Walaupun habis begadang semalaman, tapi wartawan detikcom harus siap tempur. Walaupun badan lelah, tapi kalau kondisi genting dan belum ada wartawan yang siap, dan posisi sayang paling memungkinkan, saya siap liputan lagi! (Pasang baterai cadangan di jantung hehehe).
TKP-nya di Jl Kebagusan, dekat kantor IM2 dan SDN 14 Ragunan. Warga berkerumun di luar Police Line, dengan menunjukkan kartu wartawan, saya minta izin mendekat. Ada beberapa lembaran koran menutupi potongan tubuh yang tersebar di beberapa tempat. Wah, dimutilasi nih!
Kok santai aja Fay, lihat mayat dipotong-potong gitu? Hmmm, ada proses pembelajarannya. Kalau saya wartawan newbie, mungkin muntah-muntah juga.
Usai mengambil gambar, ada polisi nyeletuk, "Korban ganteng nih." Voilla! Itu adalah kode profiler nomor 1 yang saya sebut di atas. Pelakunya diduga gay. Penemuan mayat pagi itu menjadi awal dari terungkapnya kasus pembunuh berantai paling sadis di Indonesia: Ryan si Jagal Jombang, seorang gay.

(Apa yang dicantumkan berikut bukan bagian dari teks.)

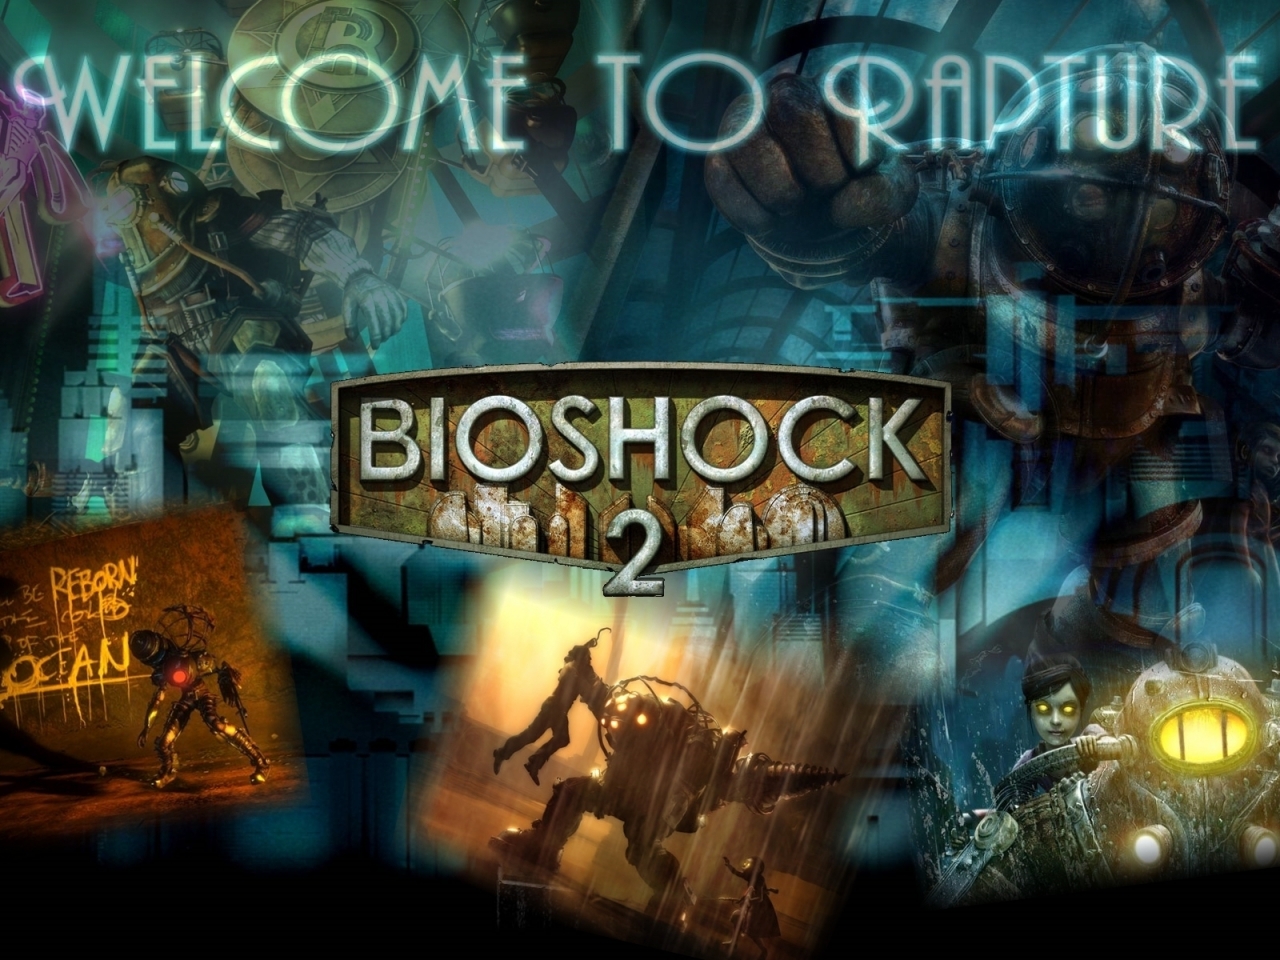 Bioshock 2 for 1280 x 960 resolution

Kasus kedua: Bocah kelas V SD di Jakarta Timur mengalami peradangan dan meninggal. Polisi menemukan tanda korban pernah diperkosa. Pelaku? Berdasarkan profiler nomor 2, pelakunya kalau bukan keluarga, ya tetangga. Belakangan diketahui, pelaku adalah ayahnya sendiri.
Dengan belajar mempelajari profiler dari kasus-kasus kriminal, wartawan terbantu membayangkan bagaimana suatu berita kriminal yang akan ditulisnya bergulir ke arah mana. Menjadi wartawan, artinya kita juga belajar berpikir seperti detektif!